Composting on the La Pelusa homestead this summer has been anything but clean, fresh, and simple. It’s frankly been dirty, rotten, and complex.
Things were moving along fine until we decided that maybe keeping the compost (housed in two 33-gallon plastic bins, one with holes for aeration that the waste actually sits in, the other to catch drippings) on our porch, directly next to our front door, wasn’t the best place for it. By it, I mean garbage.
I was never the biggest proponent to keeping a compost, so under my authority, we moved the compost bins to the side yard, where I positioned it conspicuously behind a lilac bush, both to help mask the smell and hide it from view. My wife previously advised me the smell wouldn’t be an issue if the compost was cared for correctly. My wife is the brains of this endeavor, yet I somehow got tasked with the upkeep and maintenance. The smell is an issue, Honey, oh, it really is!
About two weeks after I moved the compost to the side yard, I had to go out and “turn” it. Turning it means thinking you can use a hard rake to mix up the compost but you end up actually having to us a hand rake and dig your arms down to your elbows into weeks’ old kitchen scraps and tell yourself you’re bettering the environment.
When I popped open the lid, a swarm of flies buzzed out in a heaping cloud. They landed on my clothes, in my hair, in my ears, and other places I don’t really care to discuss. I ran to my hose and practically took a shower in my side yard, passersby be darned. My wife was right at this time, though, the smell wasn’t really an issue, and I was partway encouraged to not rake my skin clean off my body because the compost was working and rapidly at that. We had very rich, dark compost!
I packed up the compost, returned it to its place behind the lilac bush and decided to see how this played out.
Then the rains started and turned our compost into a swamp.
Most people store sports equipment or old clothes in plastic bins.

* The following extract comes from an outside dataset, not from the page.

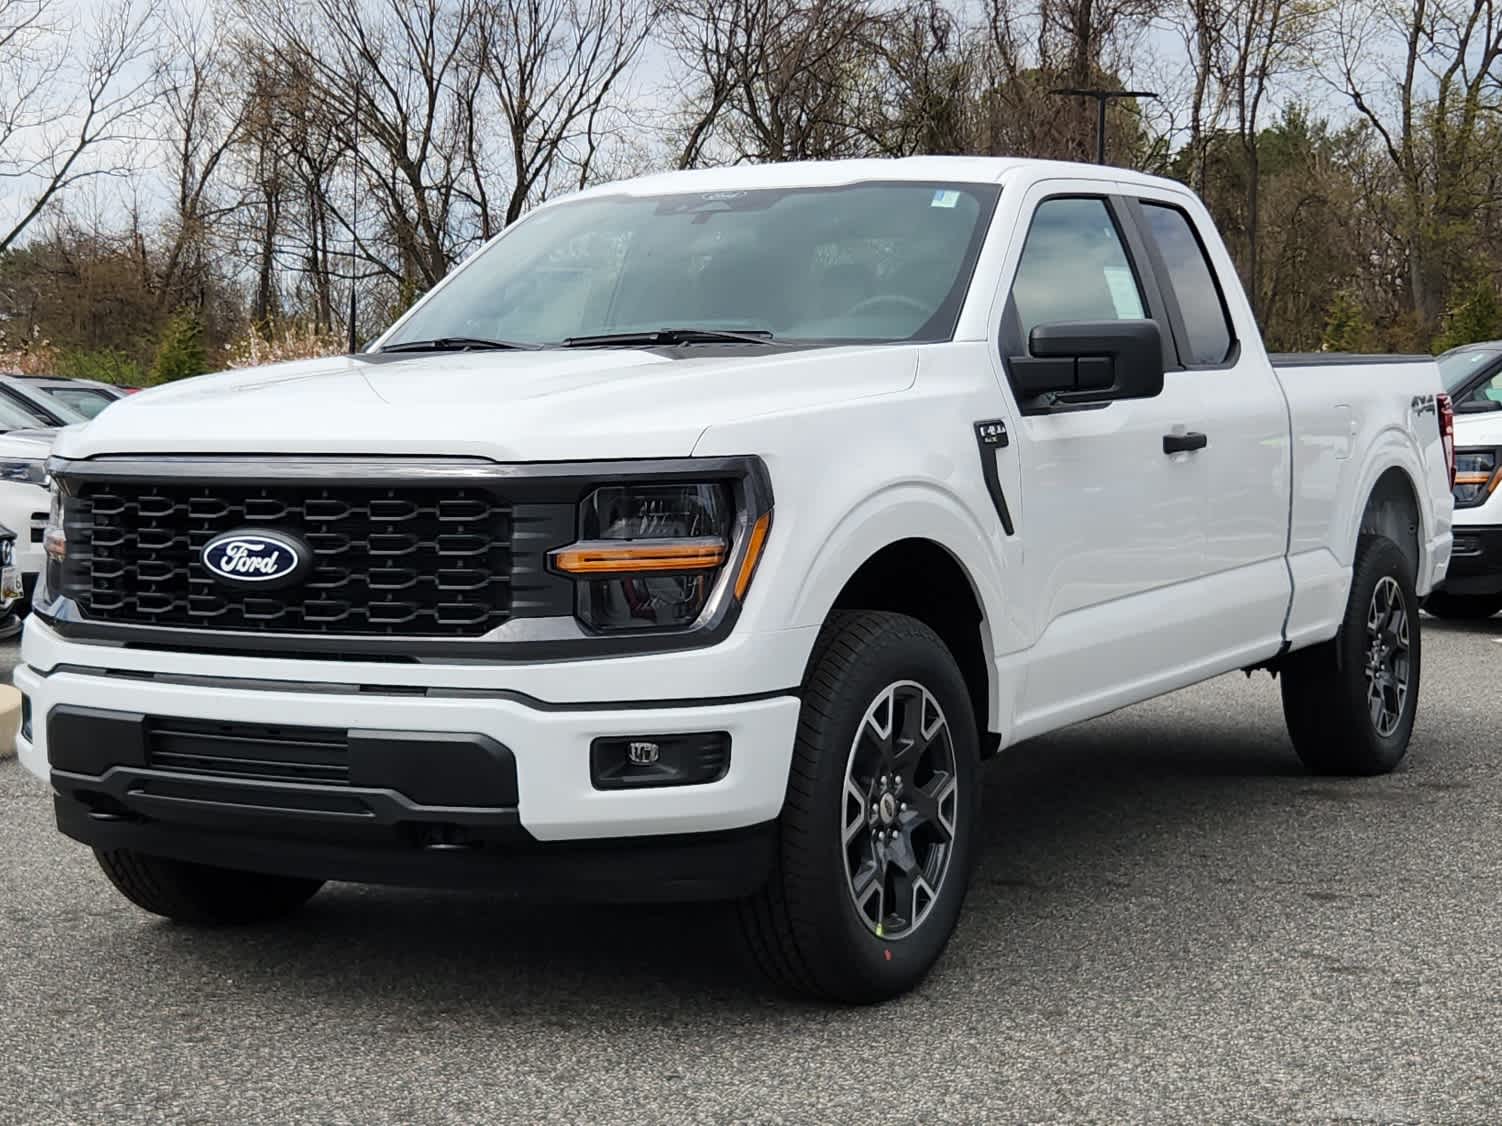 New Ford F-150 | Ford Pickup Trucks at Hertrich Ford of Elkton

Pop open our bins, and it looks like storage for the walking dead. The last time I went out to “feed” the compost, I was afraid something was going to shoot out at me, like a hand, no, a claw, and pull me in. A good Stephen King line comes to mind: “We float. We allllllll float down here.”
Worst of all, I can’t move it any longer. Too heavy. It’s a couple hundred pounds of primordial muck on the verge of producing a new, primitive life form. I’m not entirely certain that qualifies as helping save the environment.